Prosecutors say a sort of insanity defense could be in the works for the dance teacher accused of killing two Tampa children.

By CANDACE RONDEAUX, Times Staff Writer
Published June 17, 2005

TAMPA - Clues to a possible defense strategy for Jennifer Porter emerged during a brief but tense exchange between a prosecutor and a defense attorney Thursday.

Porter, 29, is charged with leaving the scene of an accident in a hit-and-run crash that killed two young boys in Tampa. Defense attorneys for the dance teacher told Hillsborough Circuit Judge E. Lamar Battles they're on track with their preparations for Porter's trial in October.

Hillsborough County Assistant State Attorney Kim Seace accused Porter's attorneys of dragging their feet on producing a list of expert witnesses who could be called in the case. Making reference to a doctor from Boston who had been called as a witness, Seace said Porter's defense team could try to mount "some sort of mental health, almost insanity defense."

"Not a single one of their experts is in (the witness list), which is going to make it impossible for me to prepare for this case," Seace said.

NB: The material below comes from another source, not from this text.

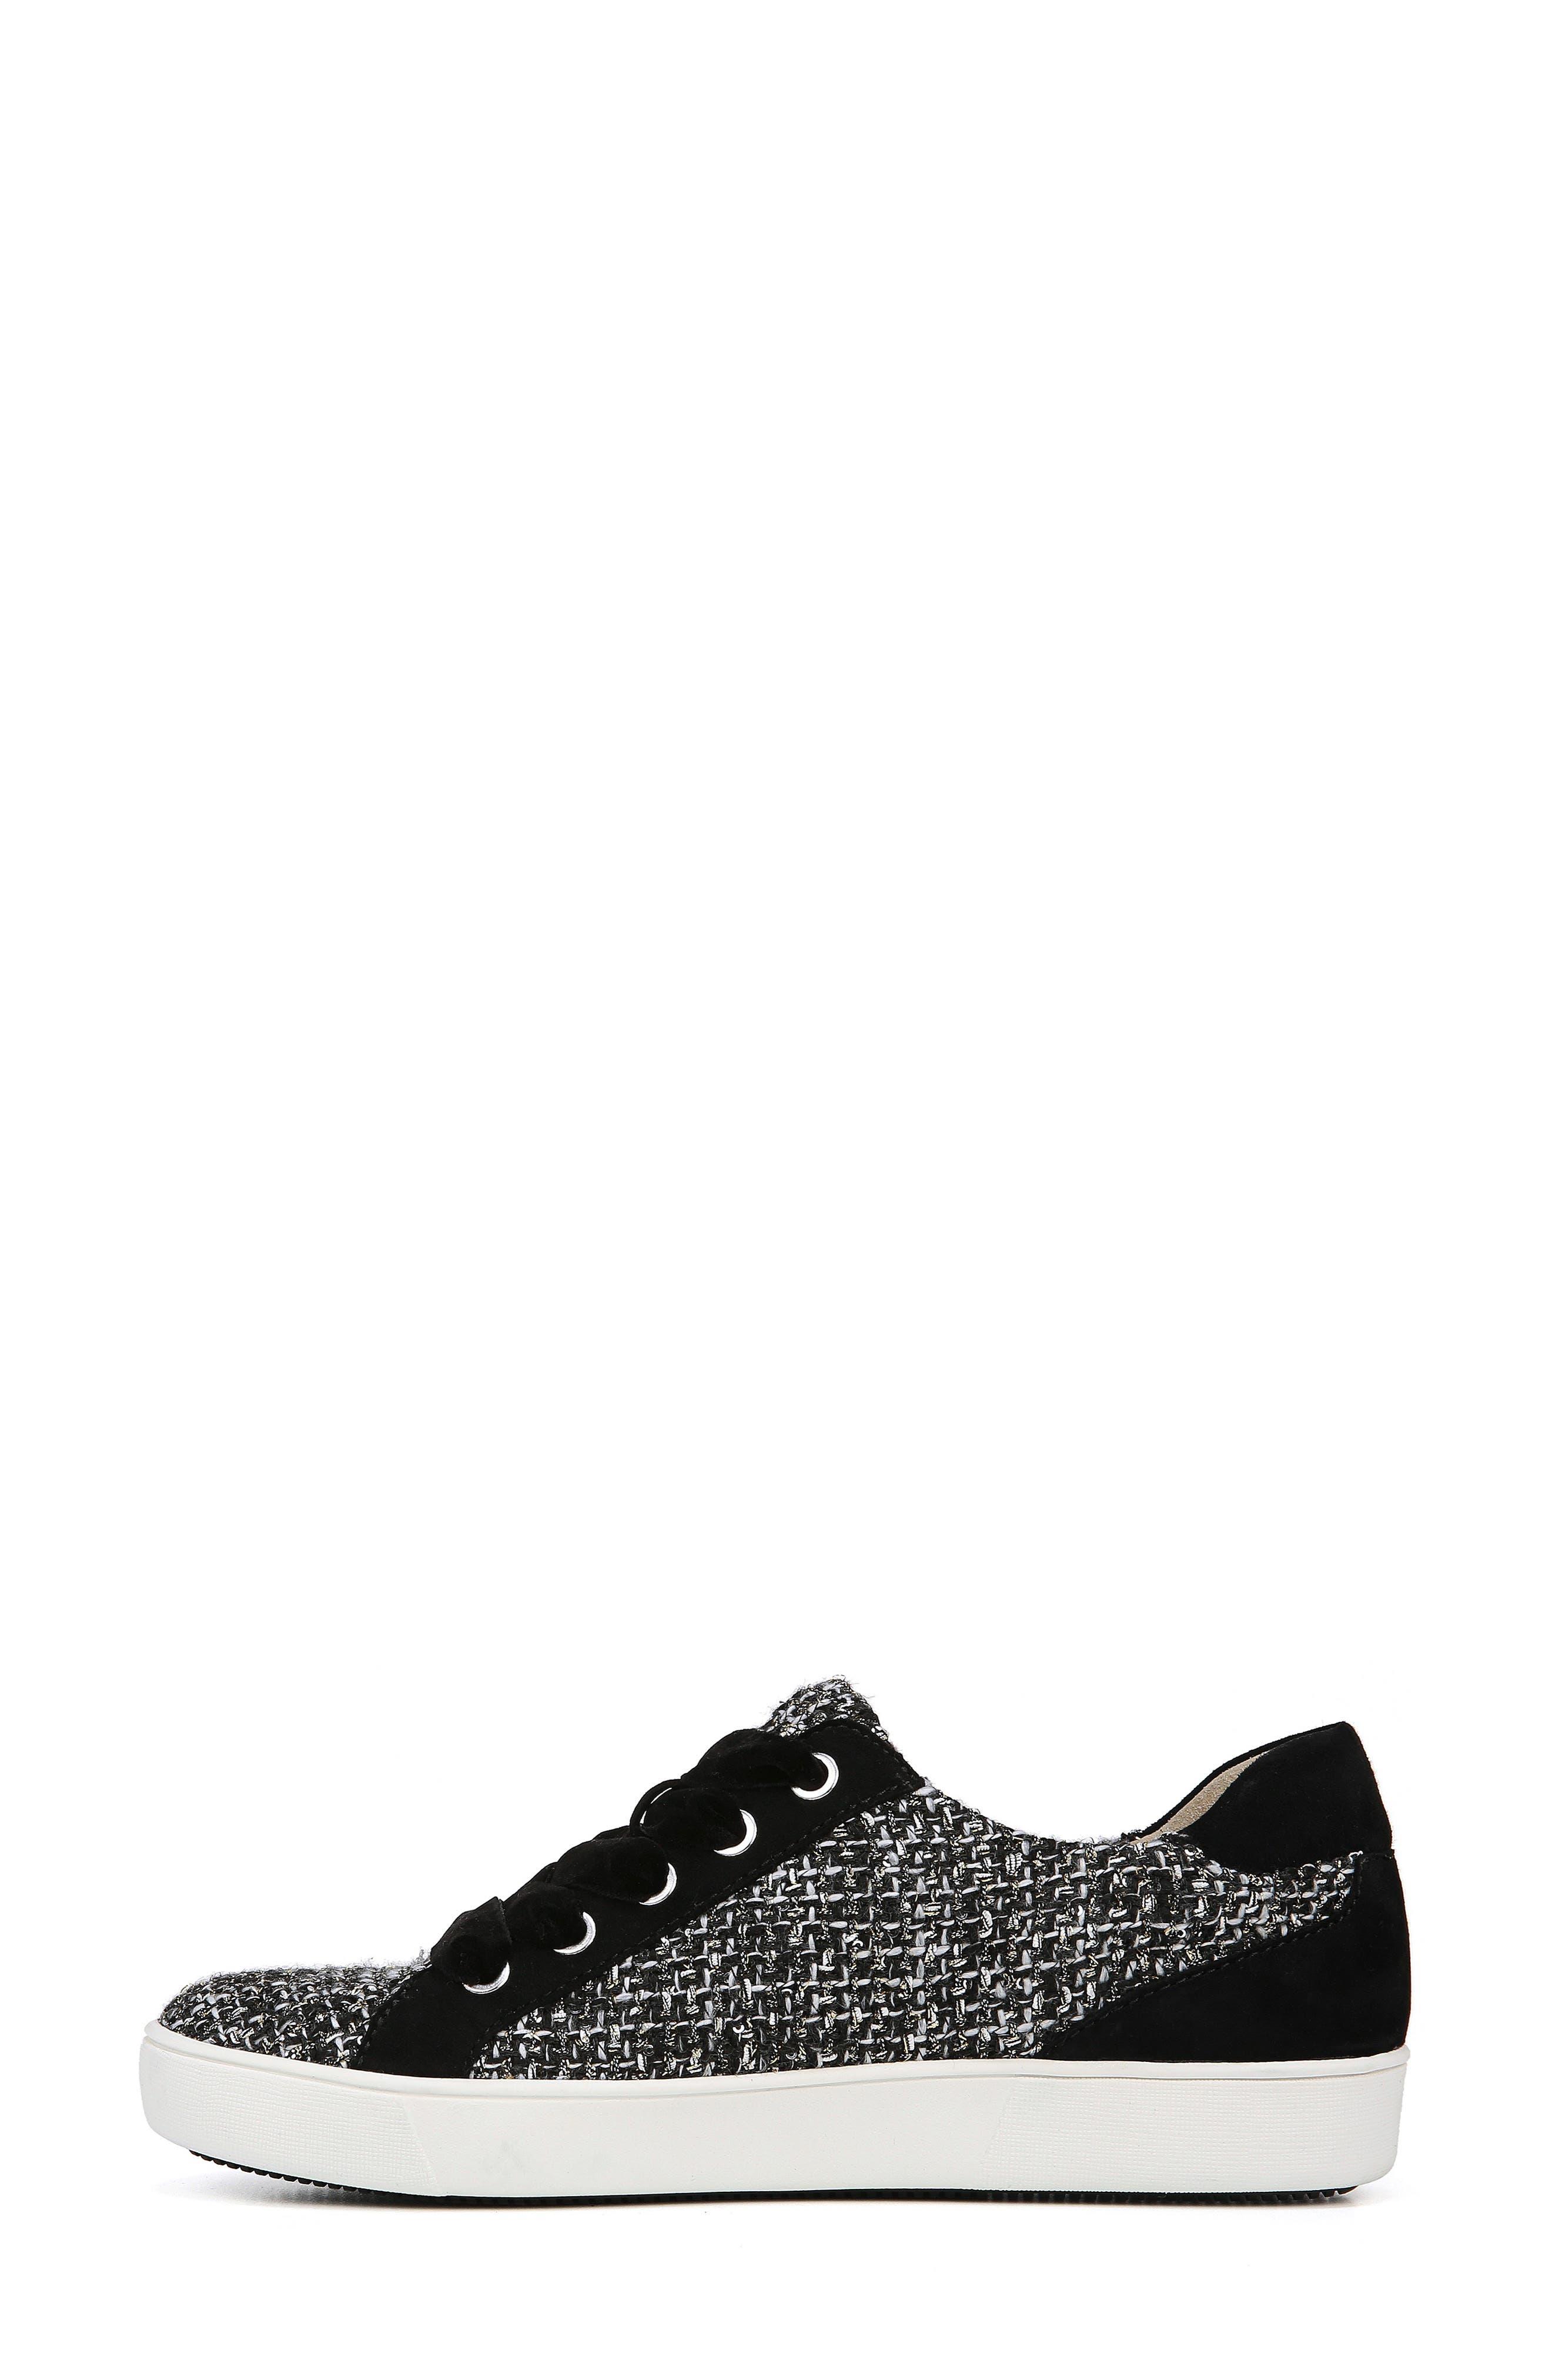 Morrison Sneaker,                             Alternate thumbnail 8, color,                             BLACK/ WHITE TWEED FABRIC

Lyann Goudie, co-counsel in Porter's defense, dismissed the suggestion, saying that it's not uncommon for attorneys to question potential witnesses past the deadline set for trial preparations.

"Nobody's planning on surprising the state or sandbagging the state," Goudie said.

Porter was arrested last spring, after eyewitnesses told investigators they saw a silver Toyota Echo matching the description of her car hit four children in North Tampa. Bryant Wilkins, 13, his sister Aquina, now 9, and their brothers Durontae Caldwell, 3, and LaJuan Davis, now 3, were crossing at 22nd Street and 142nd Avenue on the evening of March 31, 2004, when they were hit. Bryant and Durontae died the same day.

Barry Cohen, Porter's lead defense attorney in the case, would not comment on whether he has outlined a mental health defense.

"We have and will continue to comply with all procedural requirements of the law," Cohen said in a statement issued through a spokesman.